CS 654: Introduction to Compilers Spring 2006
In this assignment you will implement part of the static semantics of Cool. You will use the abstract syntax tree (AST) built by your parser from assignment 3 to check that a program is in conformance with the Cool specification. In this part of the static semantics, we will only check method bodies and will not handle the object-oriented features of Cool.
This assignment has much more room for design decisions than previous assignments. Your program is correct if it checks programs against the specification. There is no single ``right'' way to do the assignment, but there are many wrong ways. There are a number of standard practices which we think make life easier and we will try to convey them to you. We will suggest certain program structures and if you learn how to use them, they will make your task easier. Whatever you decide to do, be prepared to justify your solution.

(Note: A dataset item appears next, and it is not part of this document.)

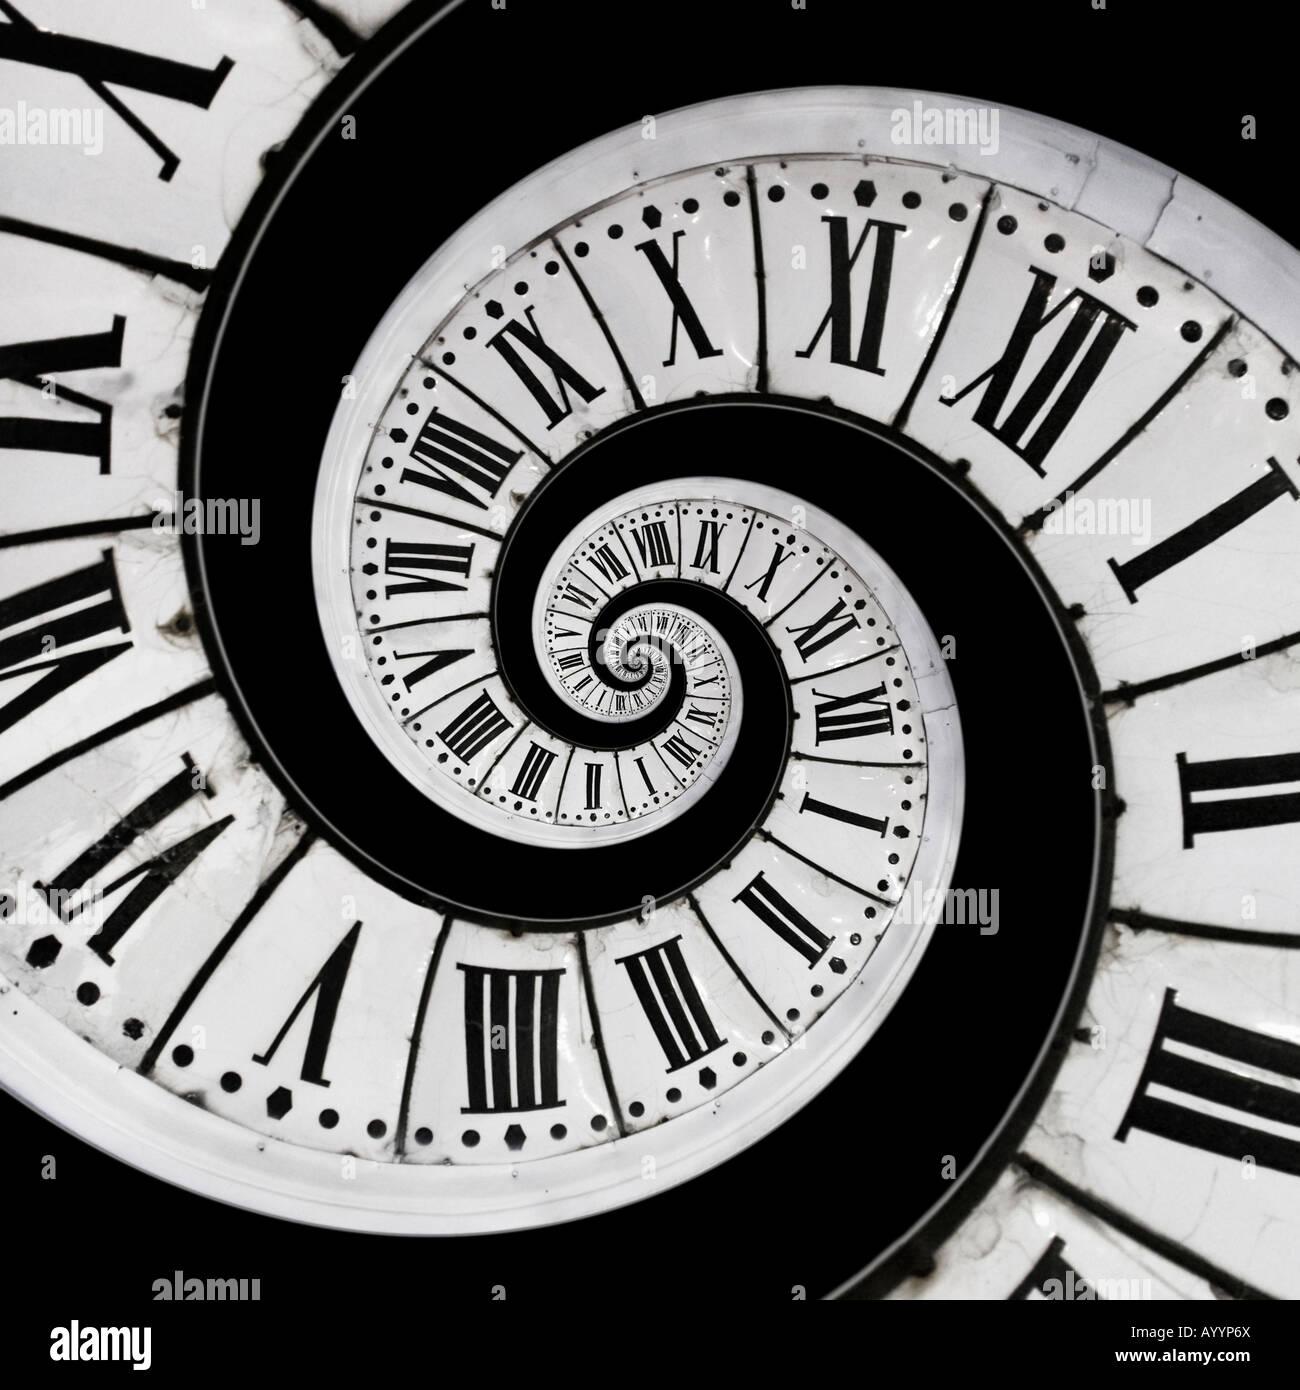 Colocación en el centro de un viejo reloj de una pequeña copia de la misma cara del reloj. Mise en abîme d'un cadran d'horloge. Foto de stock
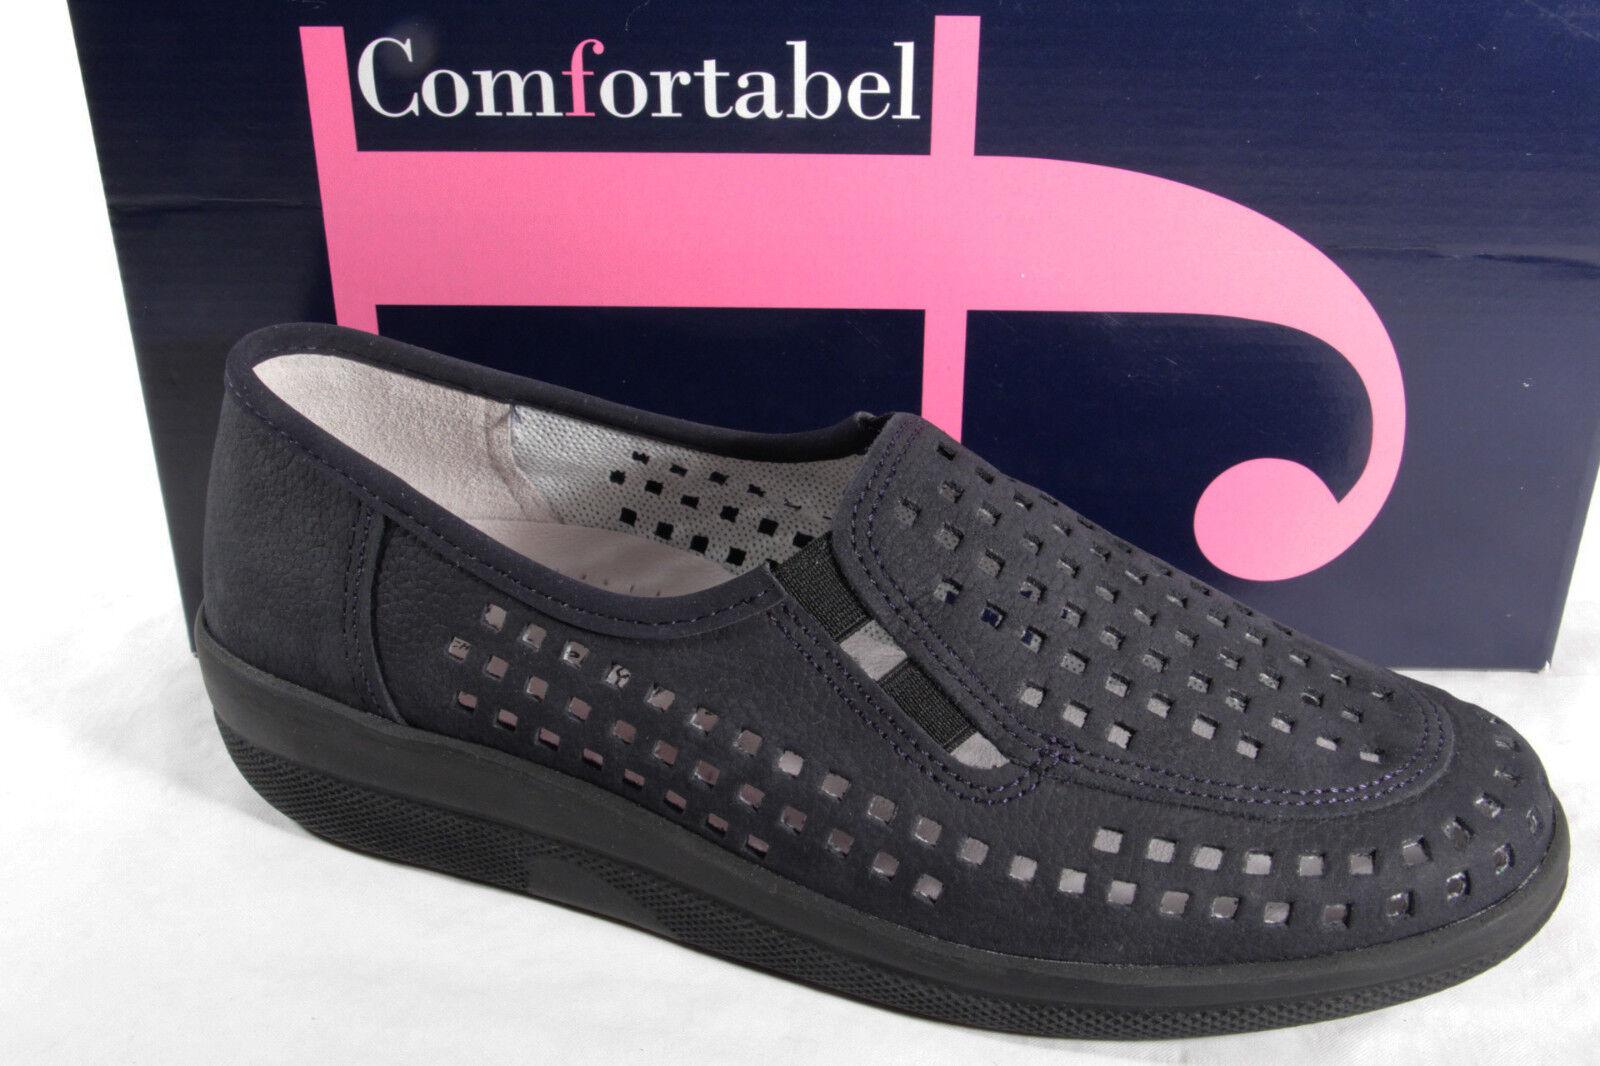 risparmiare fino all'80% Comfortabel Comfortabel Comfortabel Donna Mocassini Ballerina scarpe da ginnastica, Scarpe Basse pelle Blu Nuovo  liquidazione fino al 70%

You will need to refer to the typing rules, identifier scoping rules, and other restrictions of Cool as defined in the CoolAid. You will also need to add methods and data members to the AST class definitions for this phase. The functions that the tree package provides are documented in the handout for programming assignment 3 and in the header files cool-tree.h and tree.h. You can modify the class definitions by changing (adding things to) cool-tree.h.
To get the assignment type
make -f /afs/cs.uwm.edu/users/classes/cs654/assignments/PA4/Makefilein your PA4 directory in afs. This command copies a number of files to your directory, some of them with read-only permission. As usual, you should not modify files that are read-only. Please read and follow the directions in the README file.
The files that you will need to modify are:
These test files are extremely important: as with previous assignments you can get credit for testing a feature, even if you did not completely implement it. Conversely, if you do not test a feature adequately, you will lose credit in this part of the assignment. Explain your tests in these files and put any overall comments in the README file.
Make sure that the name and login of each group member is in the README file.
As usual, there are other files used in the assignment that are symbolically linked to your directory or are included from /afs/cs.uwm.edu/users/classes/cs654/include/PA4. You should not modify these files. Almost all of these files have been described in previous assignments. The exceptions are ast.flex and ast.y, which implement lexical analysis and parsing for a textual representation of Cool ASTs. Recall that there are two versions of coolc: a normal executable and a shell script that glues separate parser, semantic analysis, and code generation phases together via pipes. Each phase uses dumptype to print the AST to the pipe, and the next phase uses the AST parser to reconstruct the tree data structure.1
All software supplied with this assignment is supported on both linux and sparc machines. Remember to run make clean if you switch architectures.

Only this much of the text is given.